Shot by bullet on August 10, 2022 in equally strange conditions, he brandished this throughout his interrogation so that we would stop suspecting him. Unfortunately, the video of the shooting, which his attackers subsequently sent him, was accidentally deleted. We must believe that this is a mania for him, since the investigation showed that he had systematically deleted all his conversations on the encrypted messaging services he used, as well as his call history.

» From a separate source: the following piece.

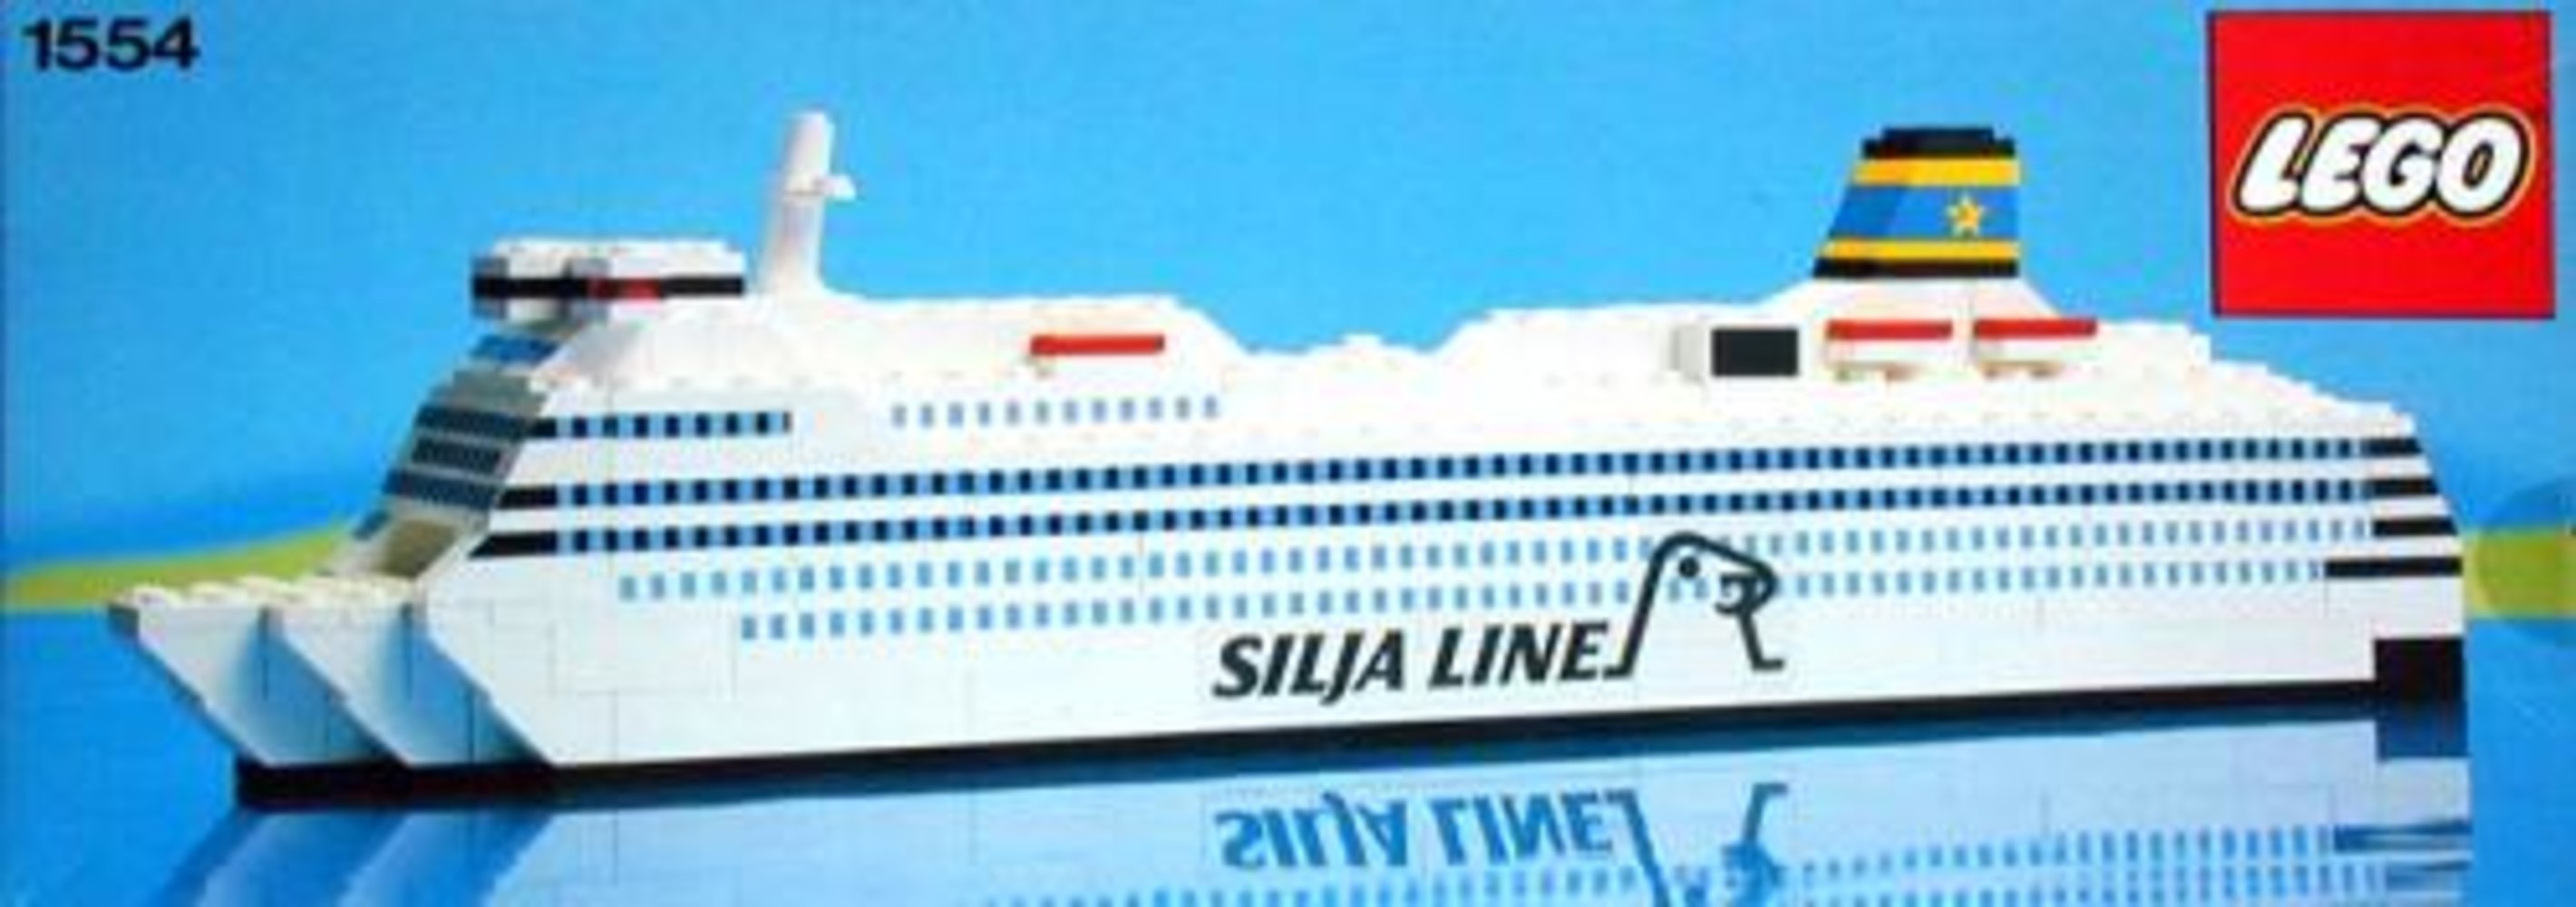 Silja Line Ferry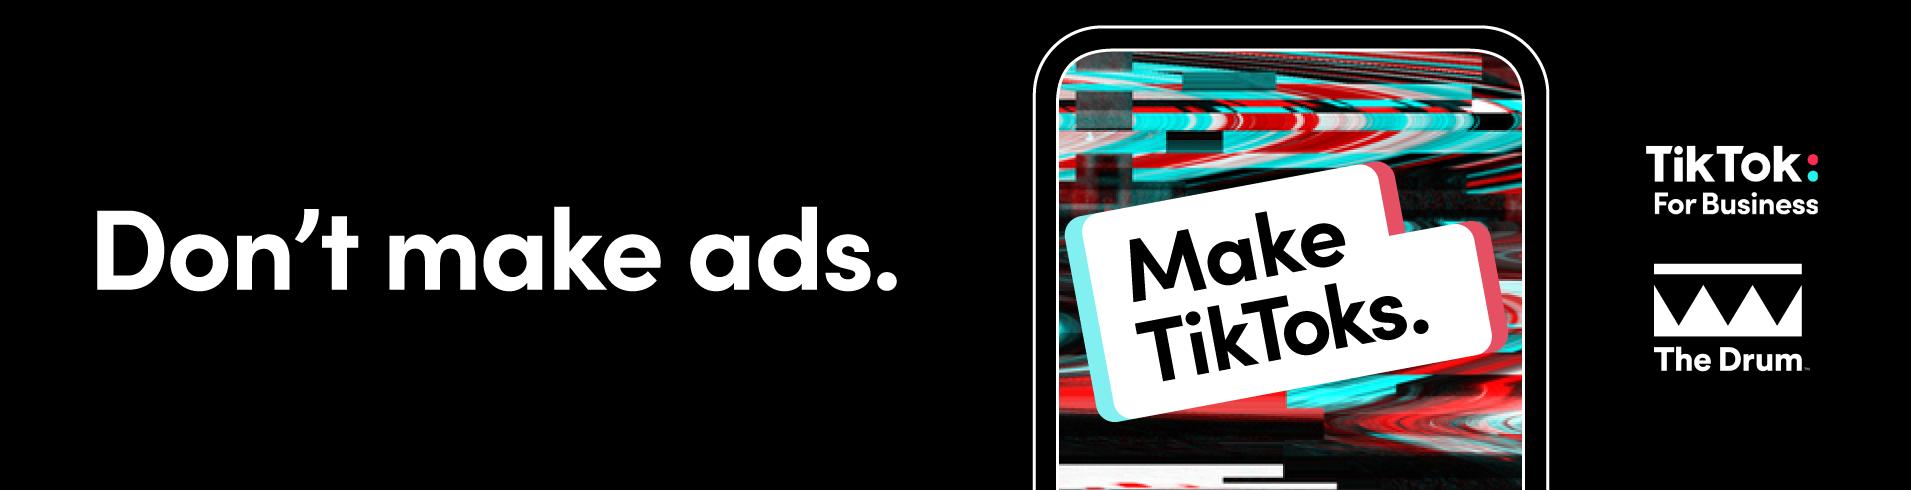 Don't make ads. Make TikToks

During the weeks surrounding the events, he used no less than nine telephone lines purchased under false names. A sort of Paul Bismuth with Rackham Le Rouge sauce, shall we say. Taken together, these countless elements and the way in which he defended himself on Friday have little chance of convincing the court of his innocence. To see Mathias Pogba's reaction throughout Roushdane K.'s interrogation, his head in his hands or his eyes wide, it would seem that he too is not really convinced.
The brother of the world champion will perhaps say more on this subject during his hearing next Tuesday at the bar. Because if it is proven that he did not participate directly or indirectly in the kidnapping of his brother, Mathias Pogba had the opportunity to mess with “Roush” in the weeks that followed. It was in fact at the latter's father's house, in Normandy, that he recorded the accusatory videos against Paul. The court, in a final, desperate attempt to understand the role he also played in this, will break its teeth once again.
He doesn't budge, he has nothing to do with it, he was only guided in this matter by the desire to get his friends out of trouble in the face of the mystery threat. A threat which, since the Fresnes prison where he is currently incarcerated, continues to haunt him. “If I speak, it will be worse,” he blurted out. “But you are afraid while you are in prison,” asks the prosecutor. What's worse? “. And he concludes, chillingly: “Death”.